SUPPLIED MATERIAL:
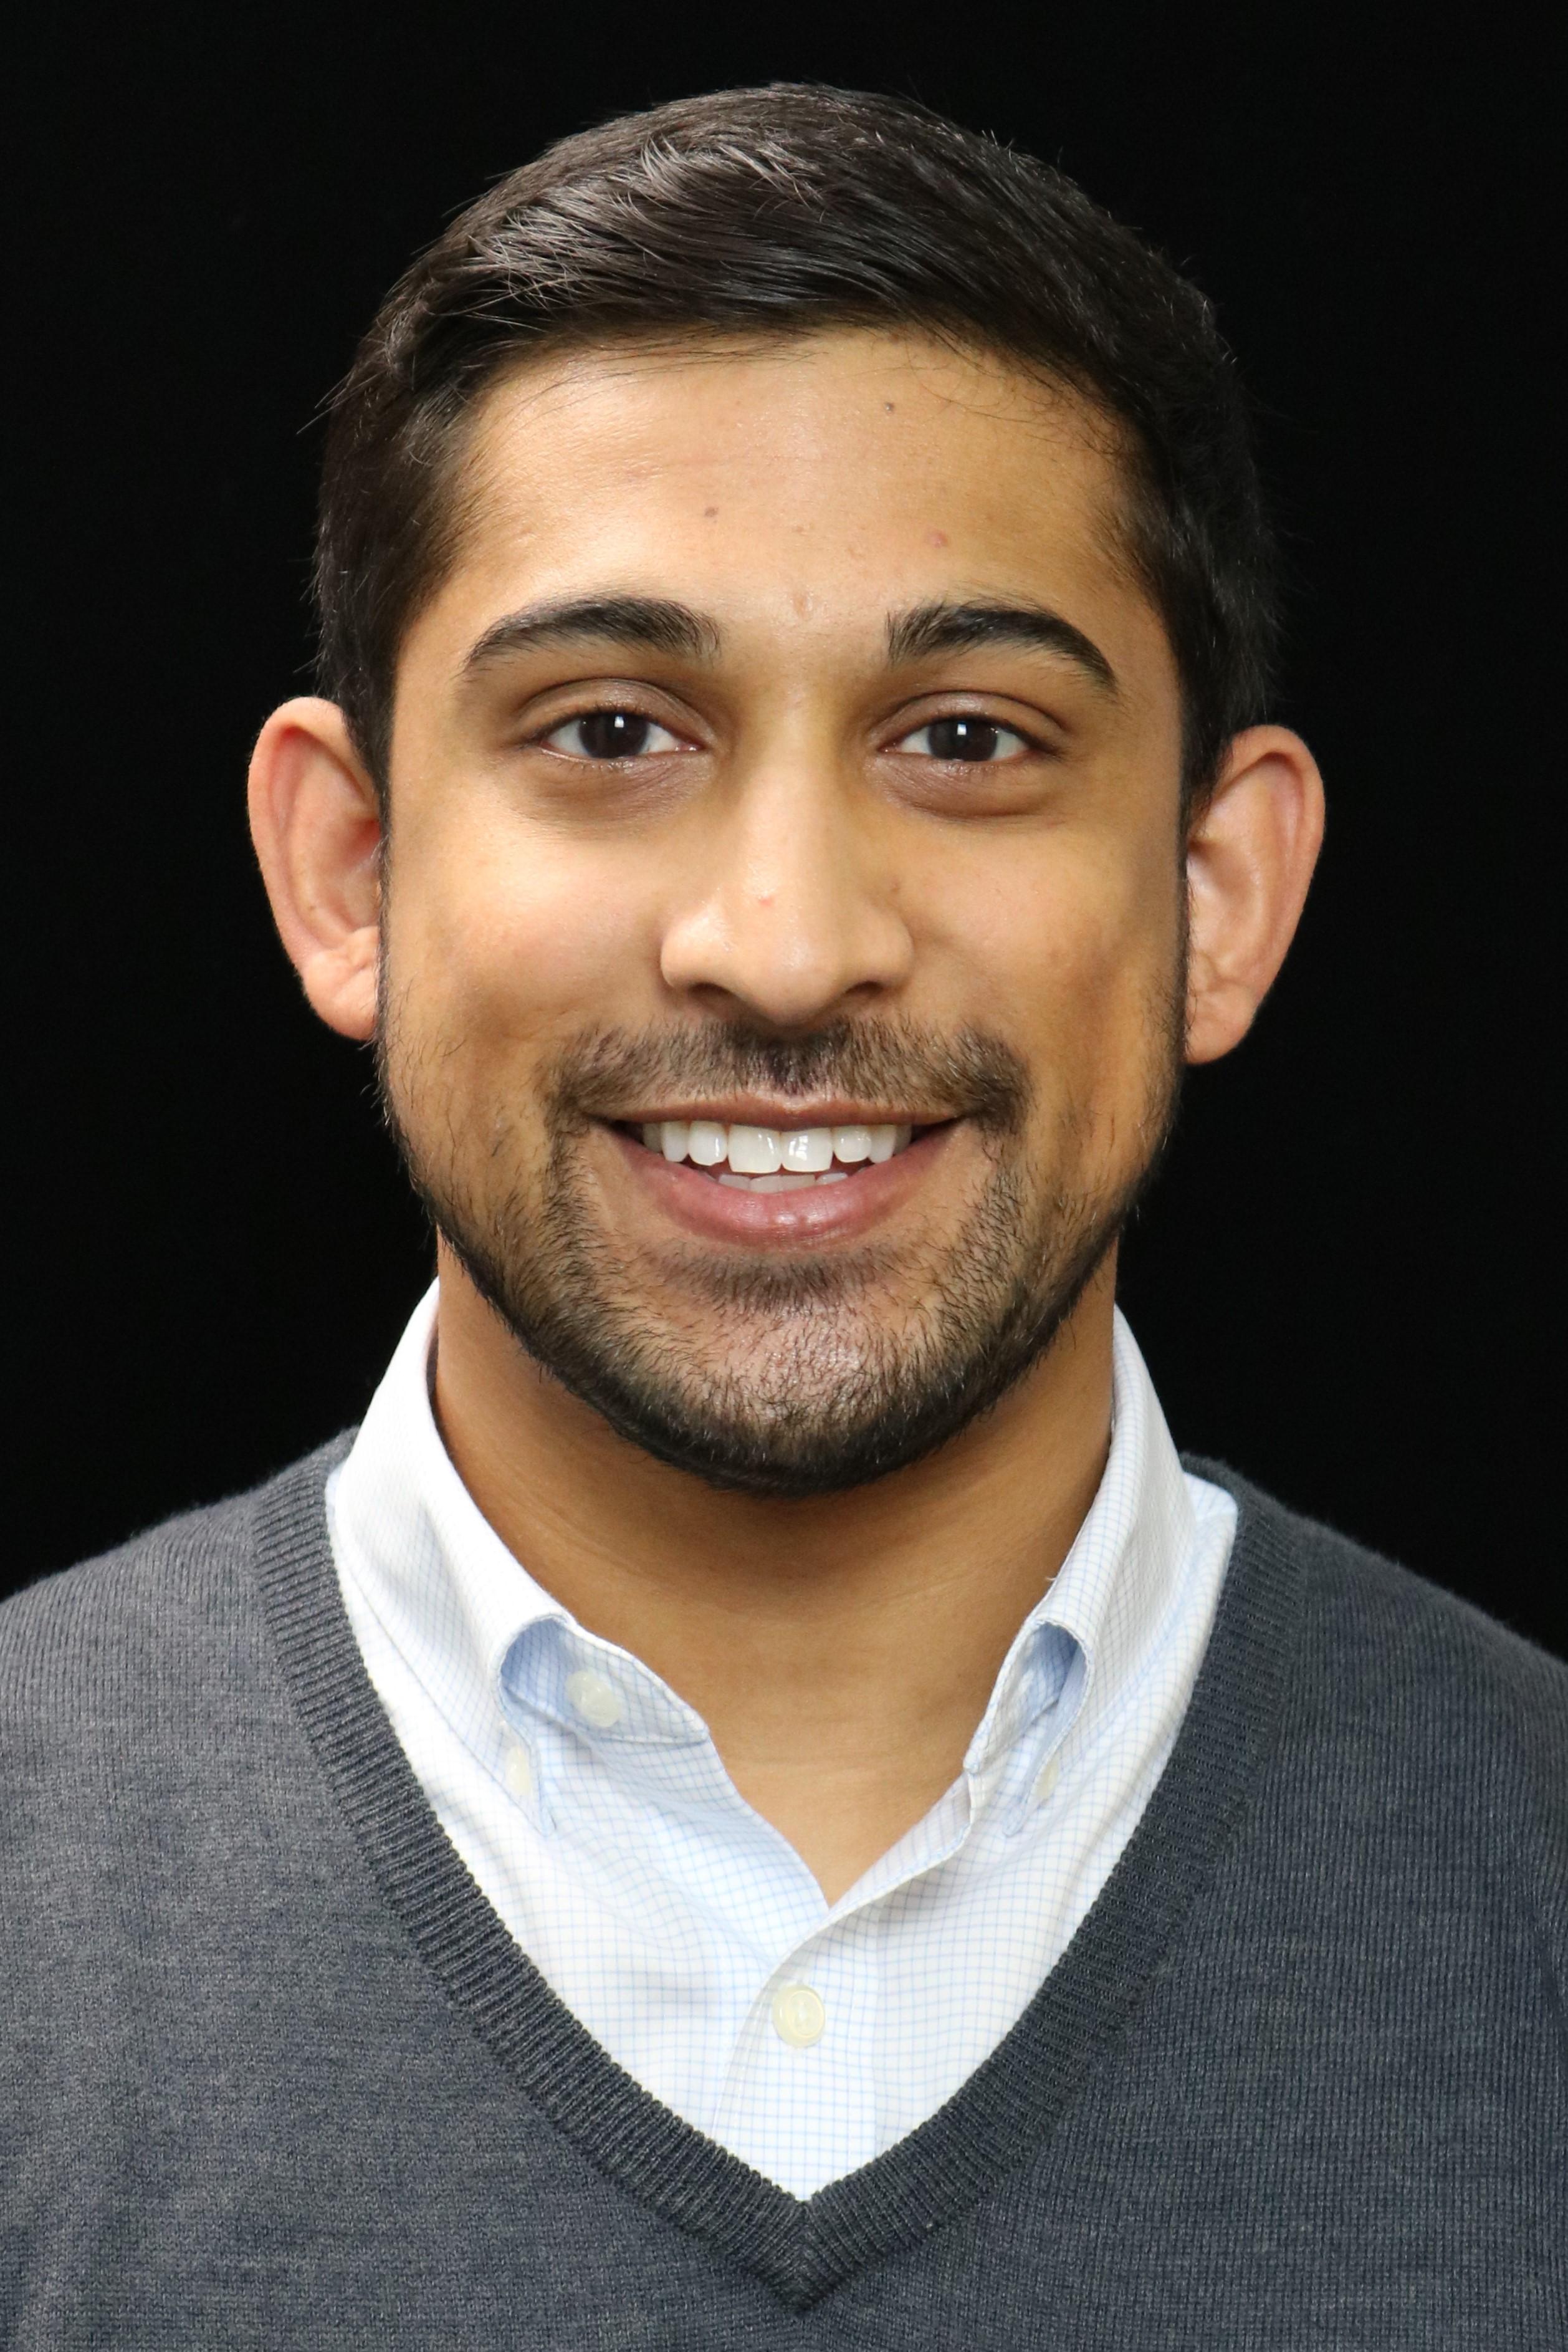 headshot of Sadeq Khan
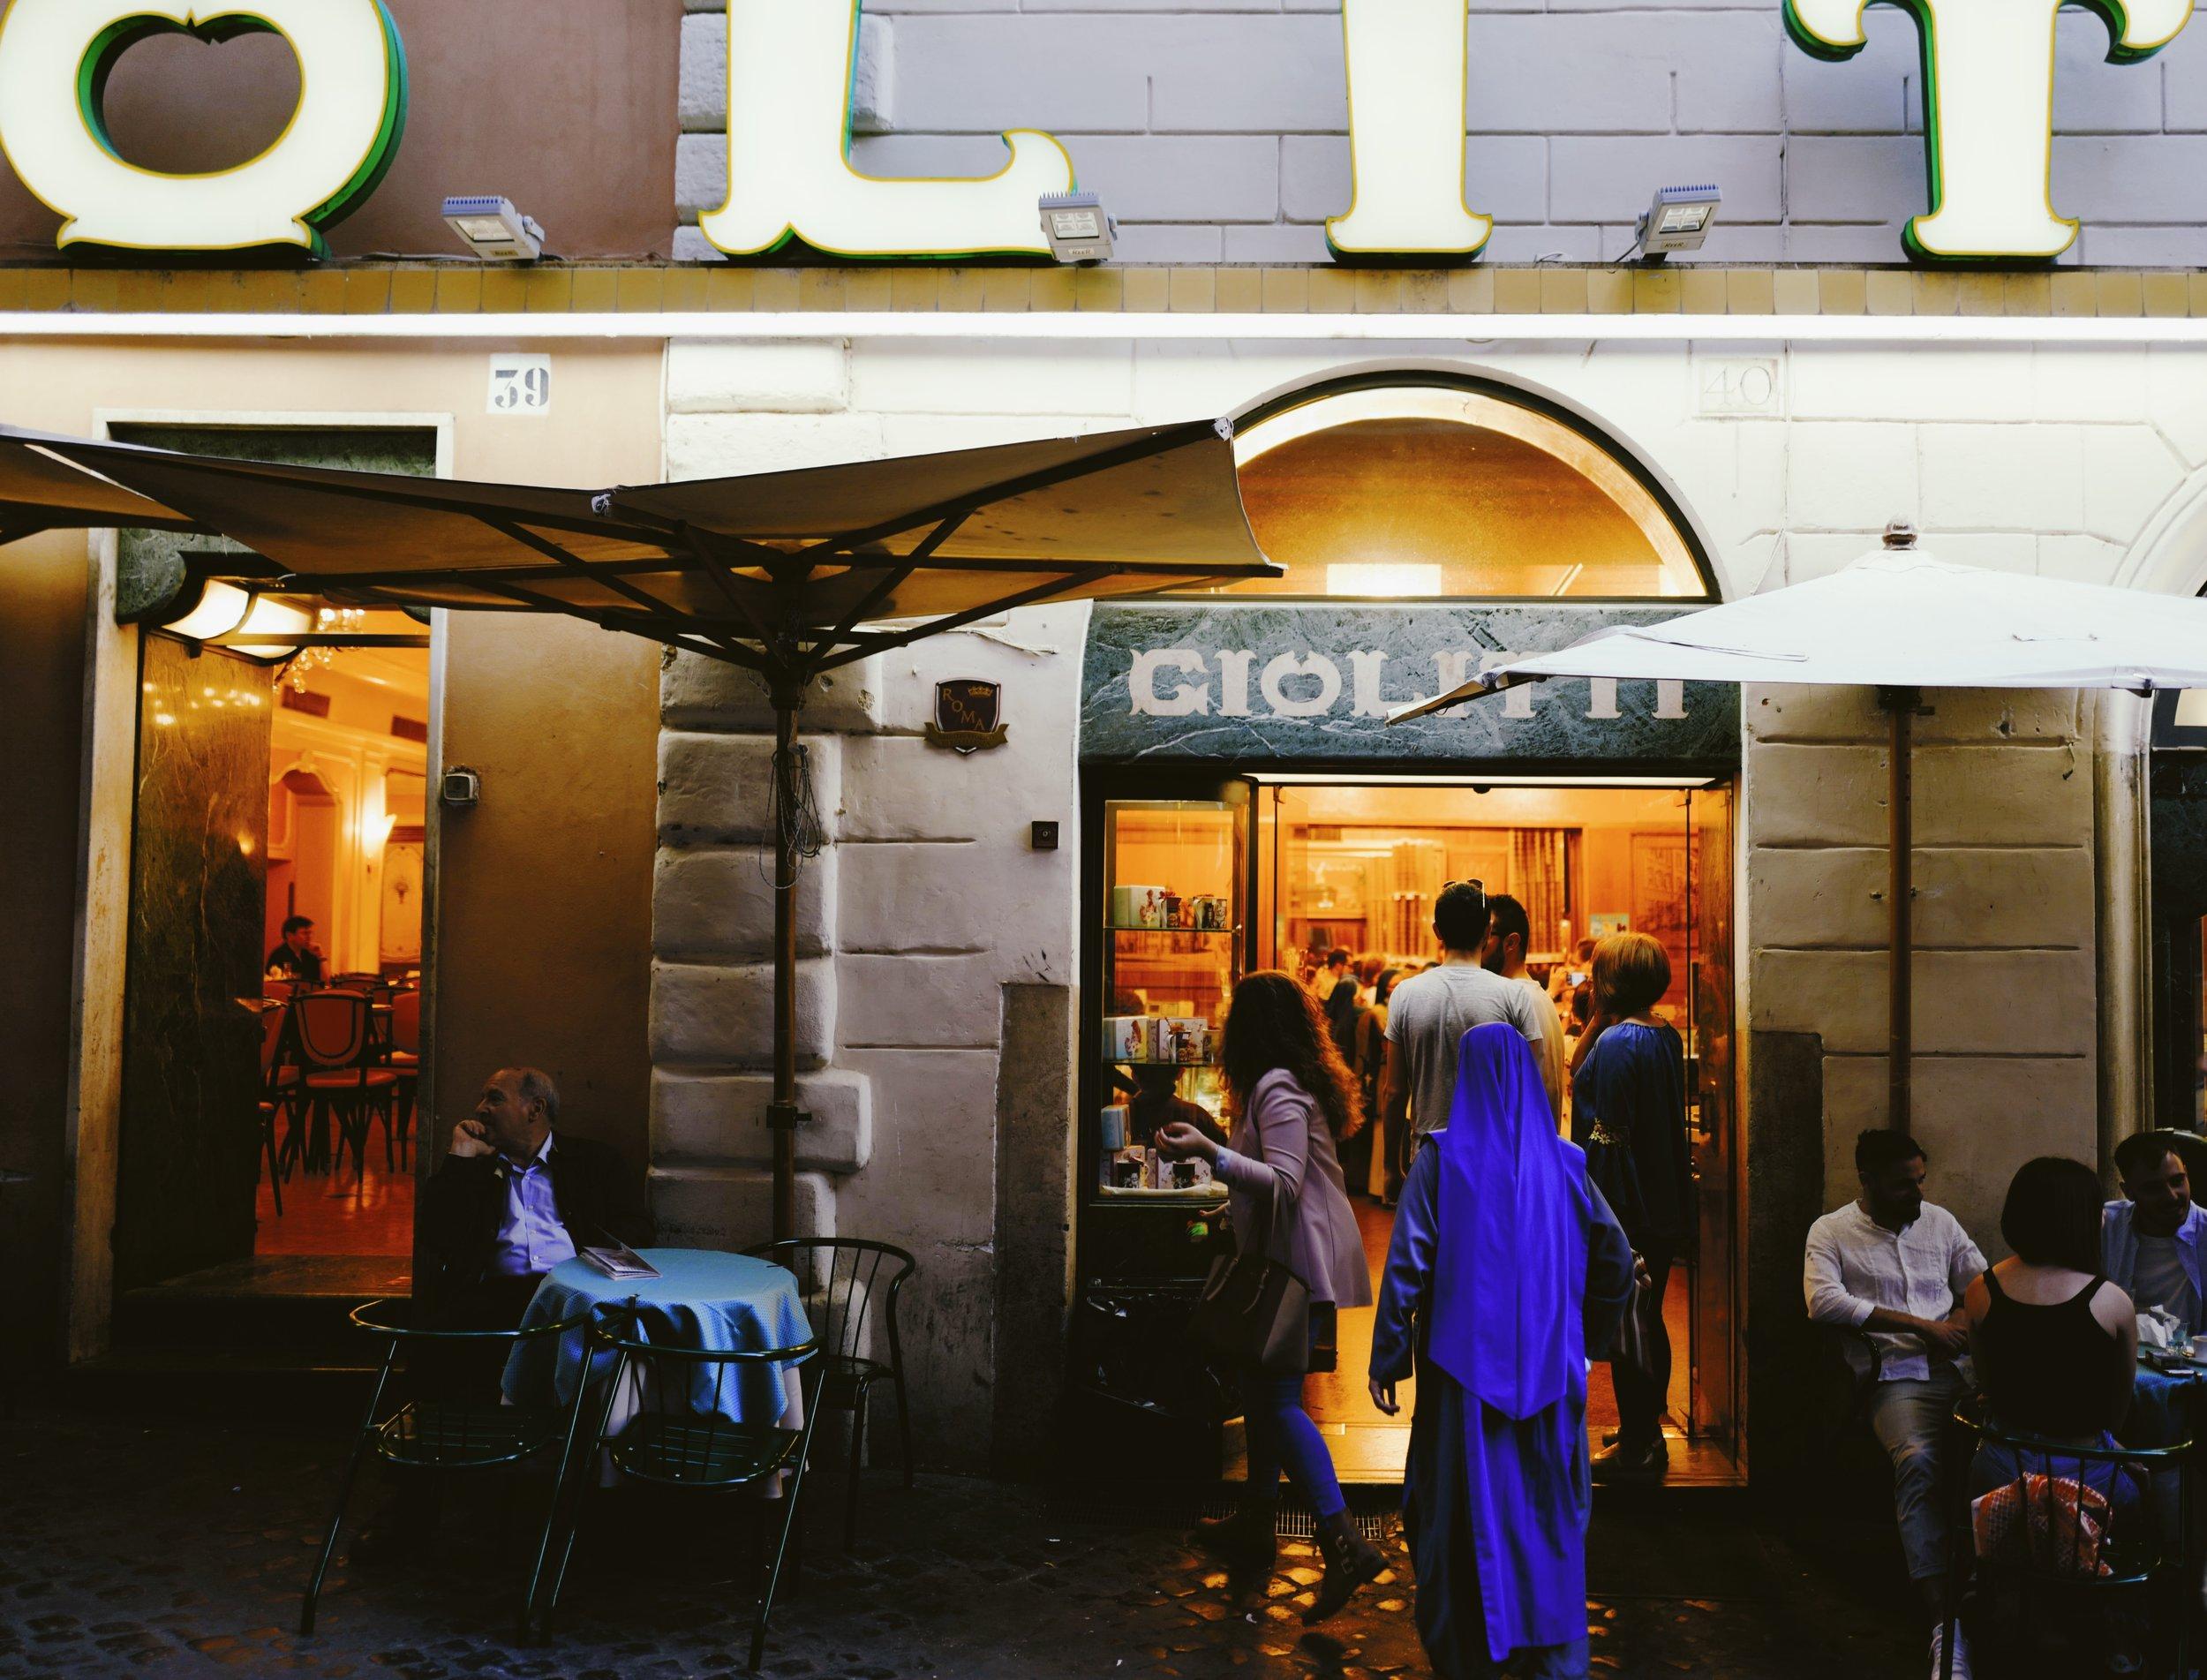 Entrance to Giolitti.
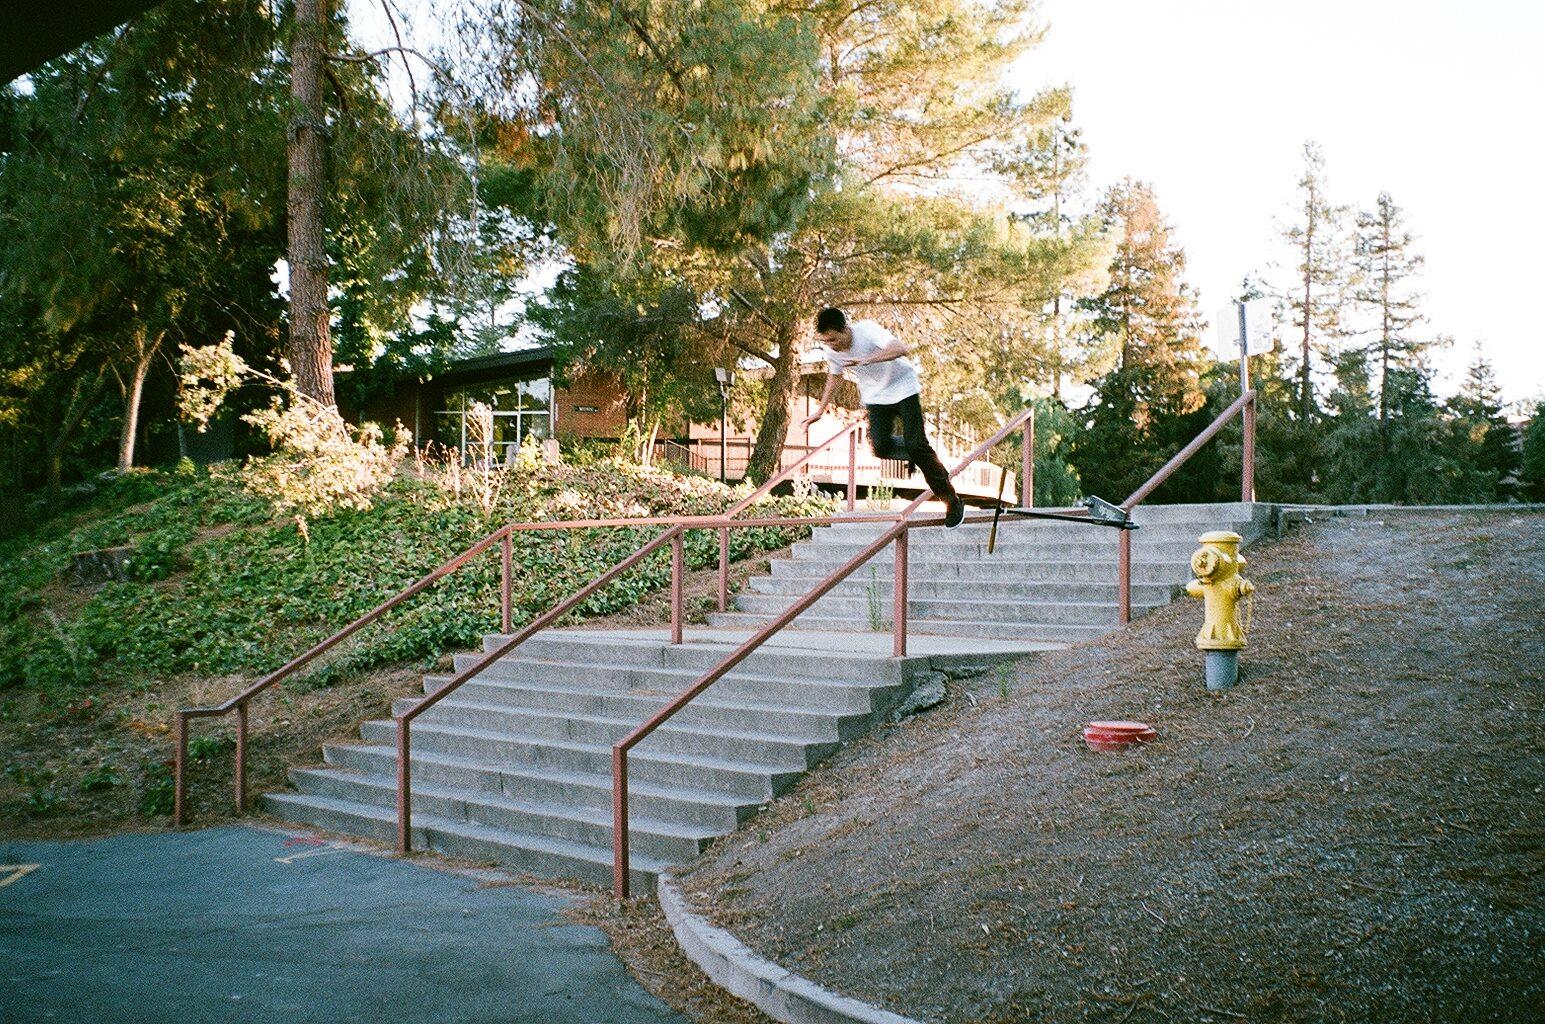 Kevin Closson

DESCRIPTION OF THE TASK: With the pictures left out, transcribe the material exactly.

RESPONSE:
 headshot of Sadeq Khan
 Entrance to Giolitti.
 Kevin Closson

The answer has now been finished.